Starting with the line that contains "What to Pack For An Overnight Milsim Event", copy every line through the end of the listing, exactly and only those. No pictures should appear in the copy.

_PROVIDED DATA_:
──────

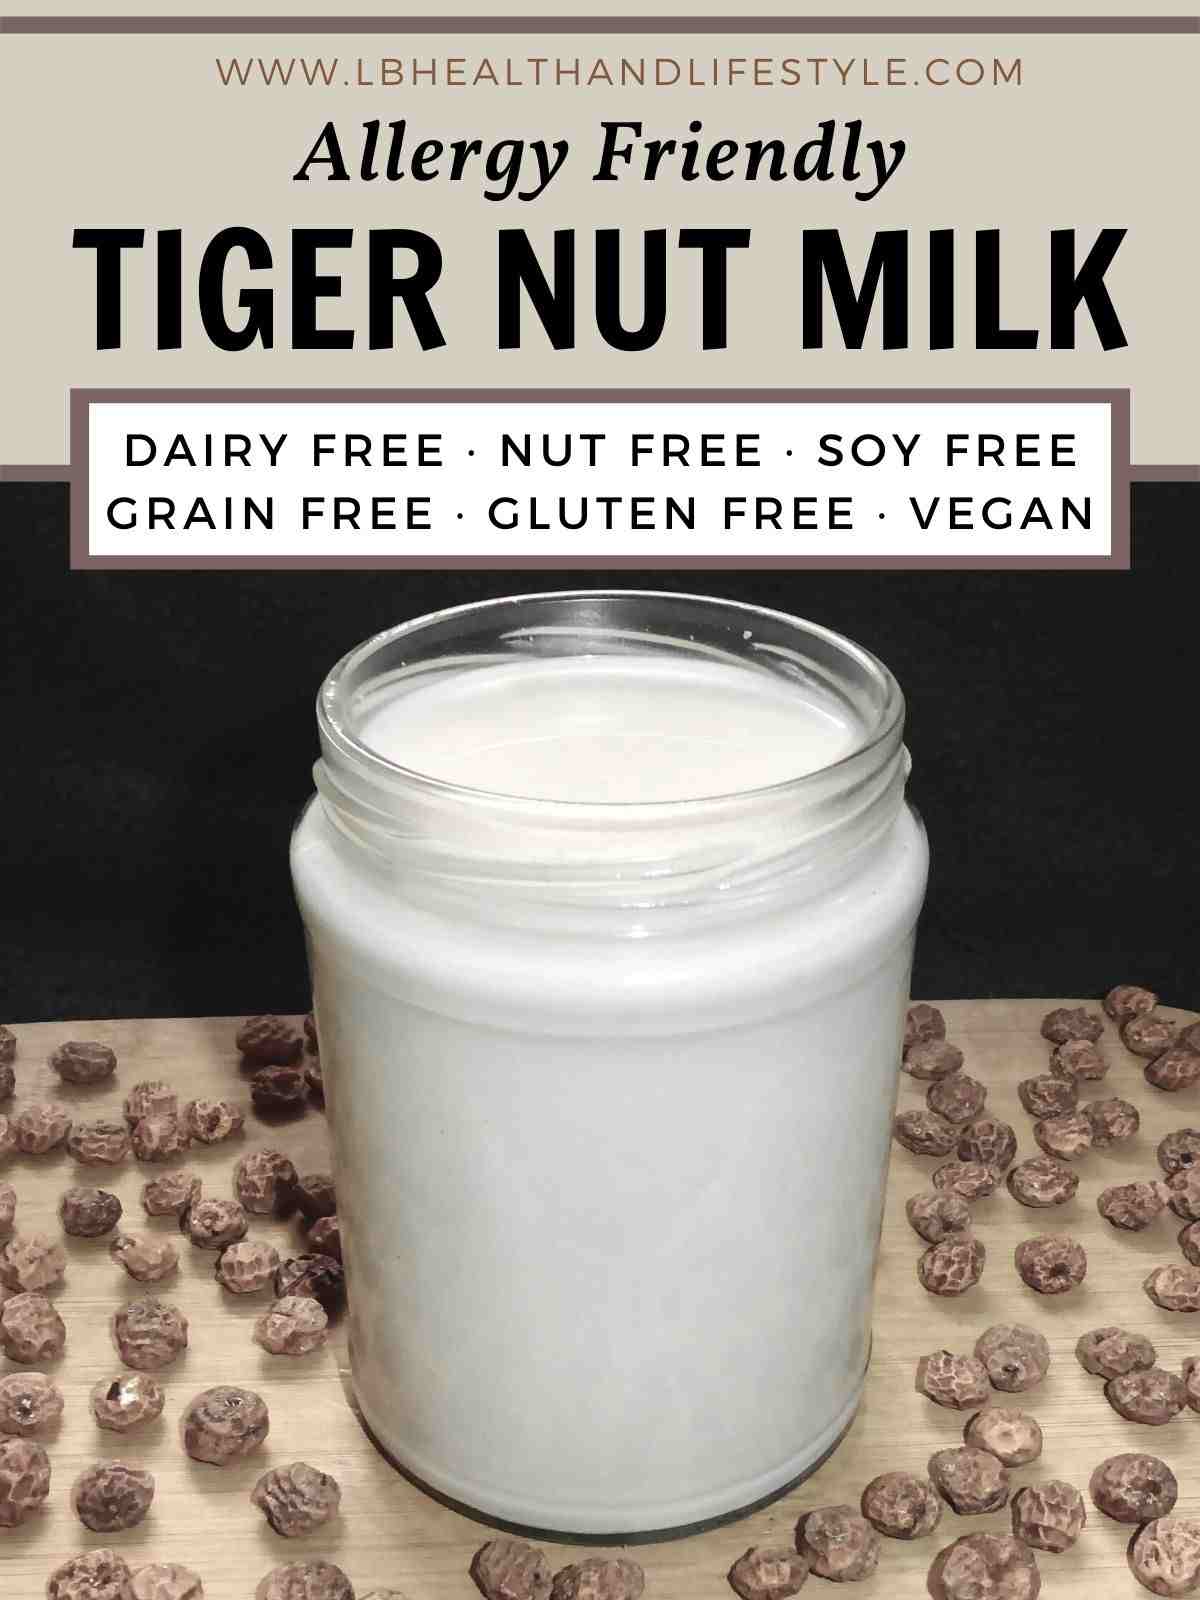 Allergy friendly tiger nut milk at the top. Dairy free, nut free, soy free, grain free, gluten free, vegan. Photo below of tiger but milk in glass jar on a bamboo board surrounded by tiger nuts.
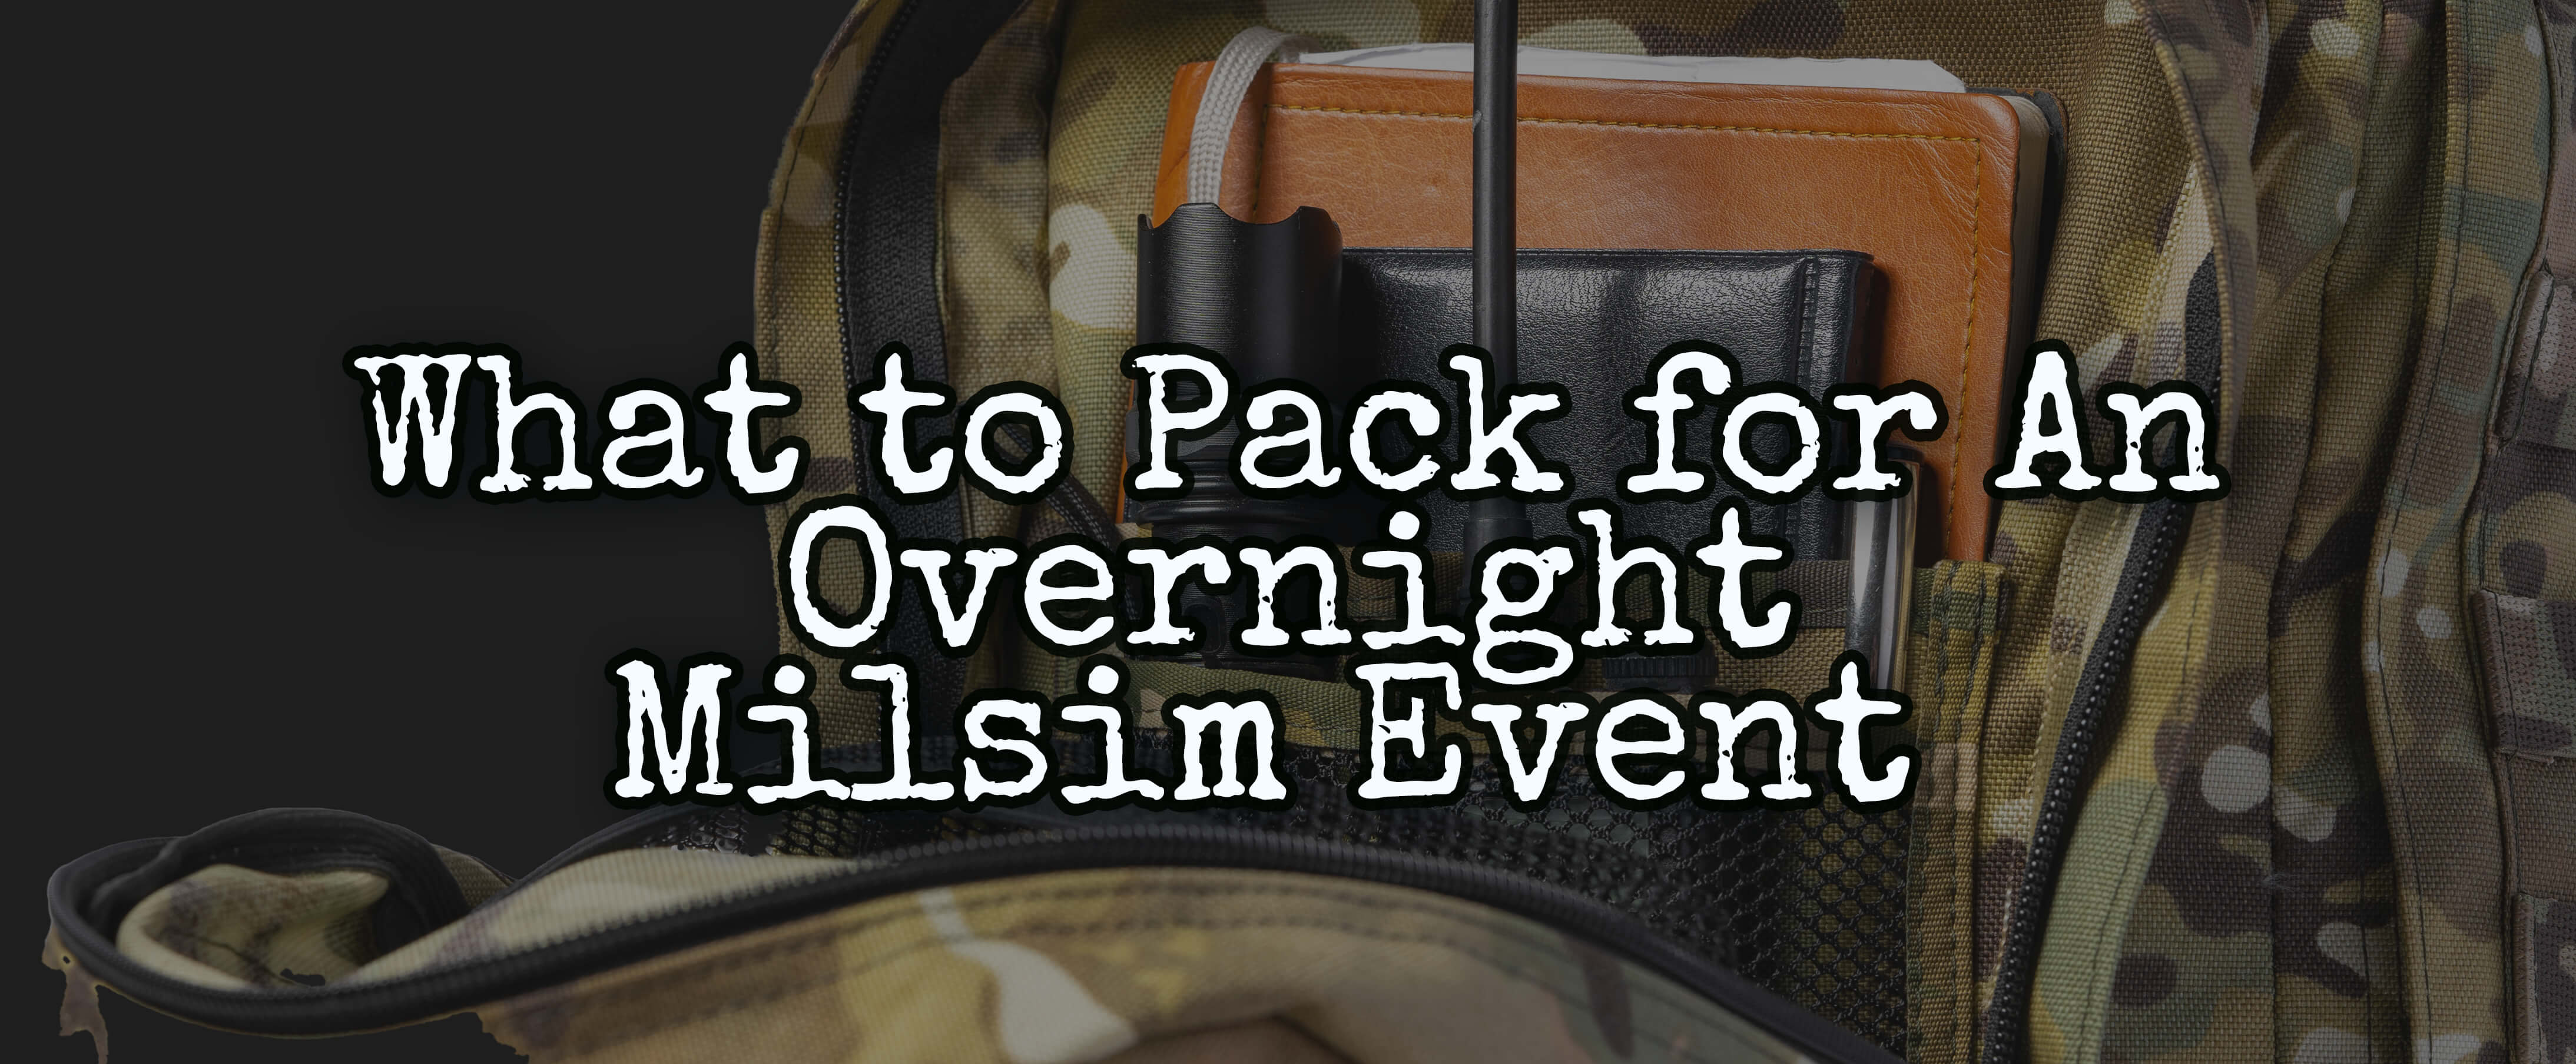 What to Pack For An Overnight Milsim Event
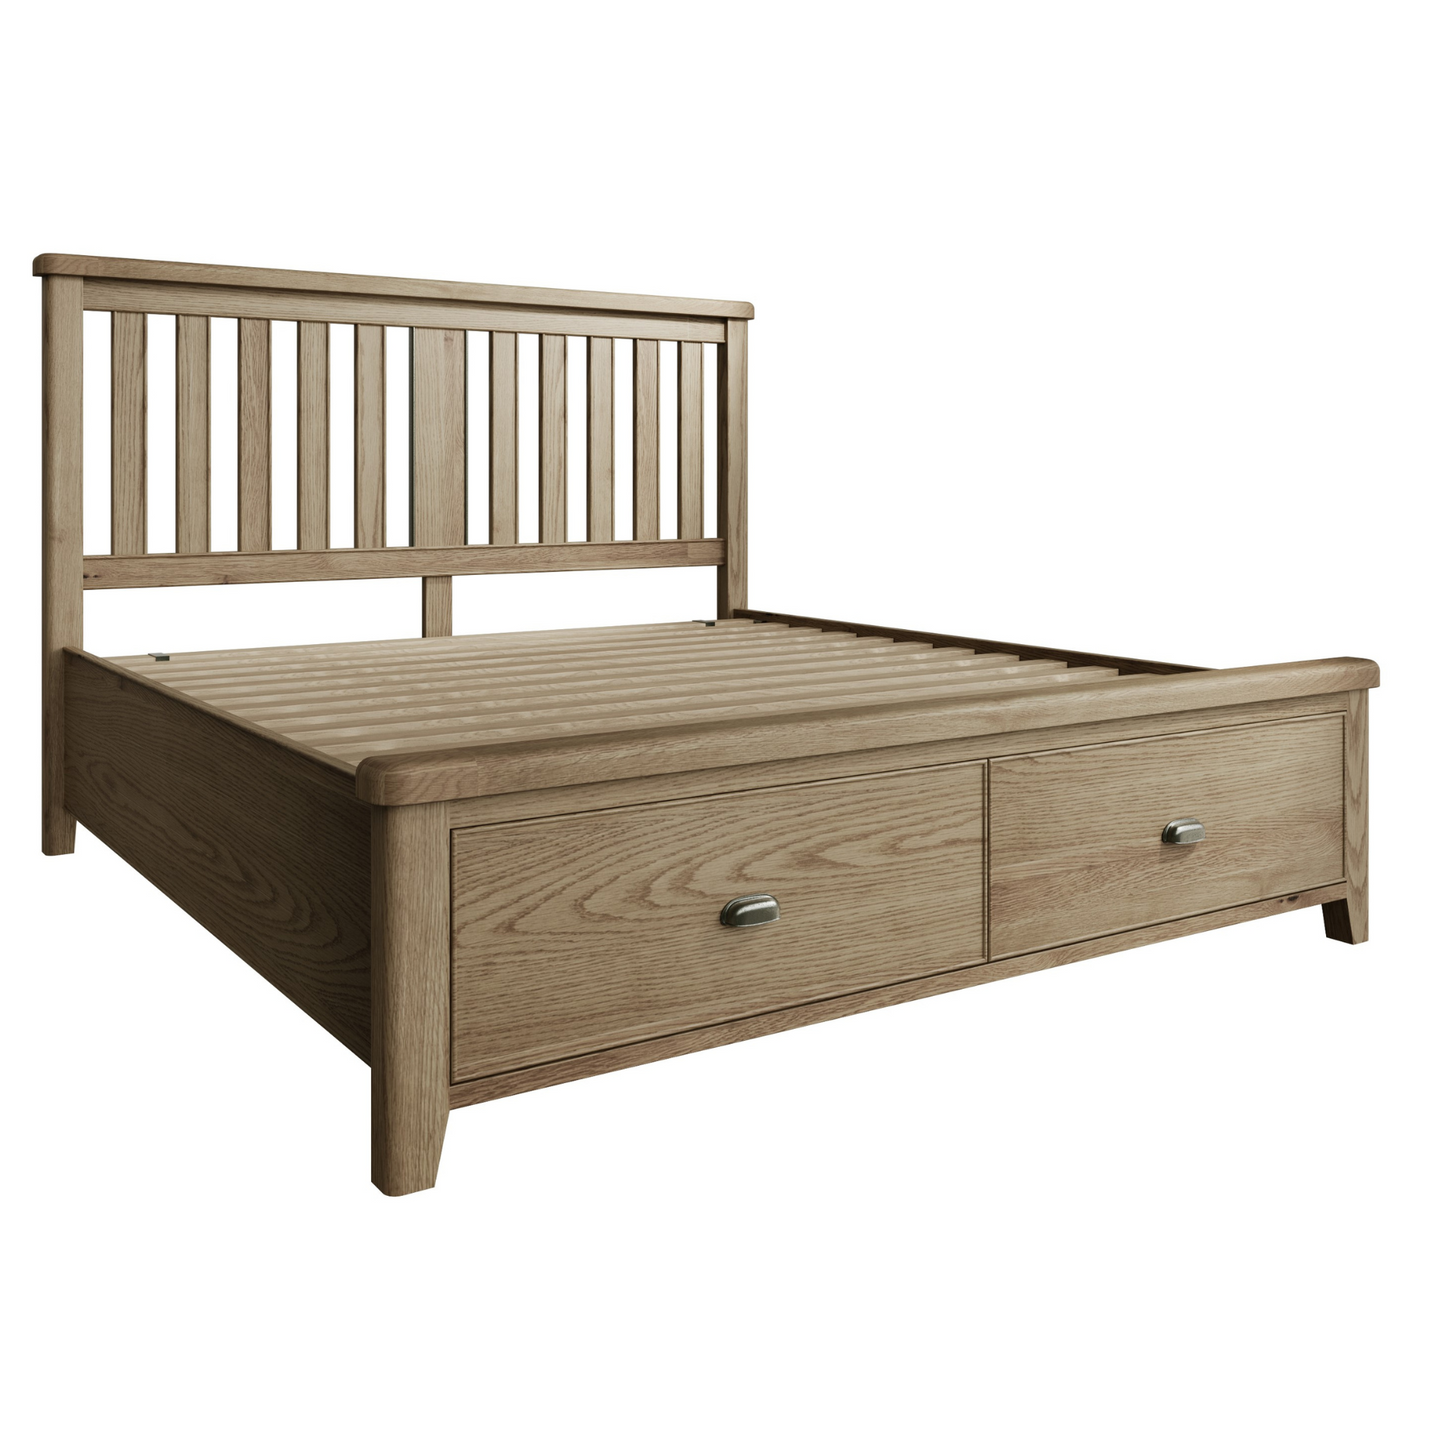 Horner Wooden Headboard with Drawer Base Beds
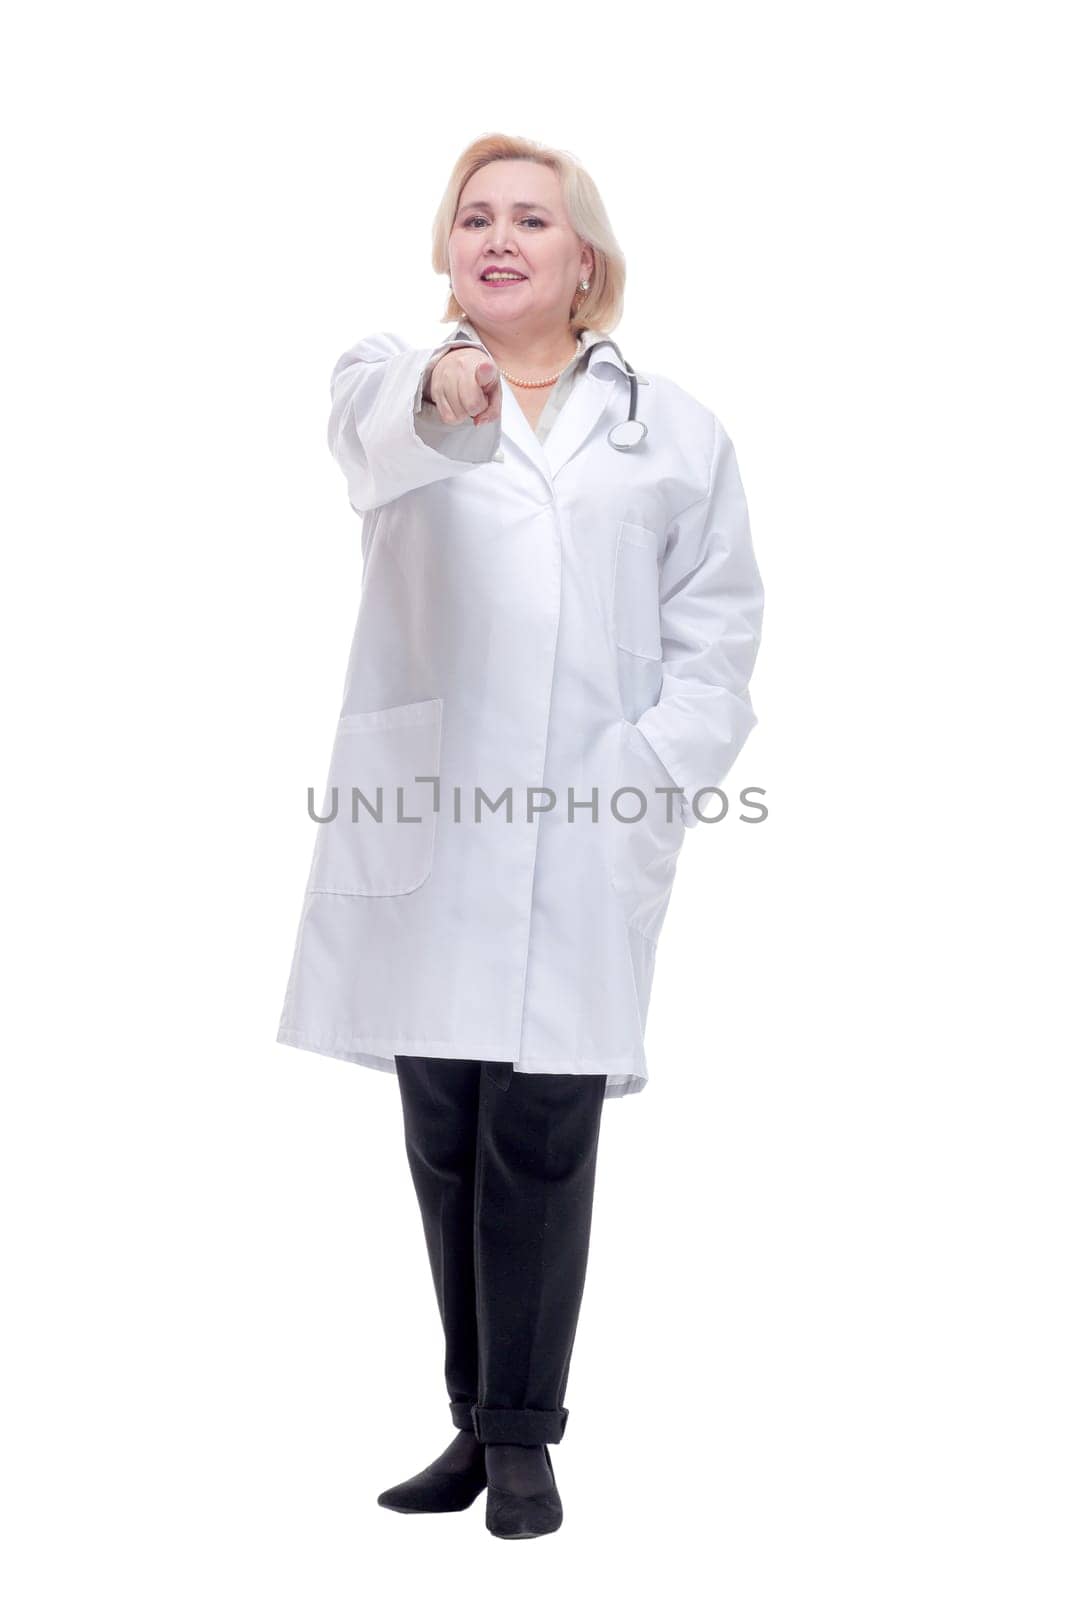 Smiling medical doctor woman with stethoscope by asdf

──────

_RESULT_:
 What to Pack For An Overnight Milsim Event
 Horner Wooden Headboard with Drawer Base Beds
 Smiling medical doctor woman with stethoscope by asdf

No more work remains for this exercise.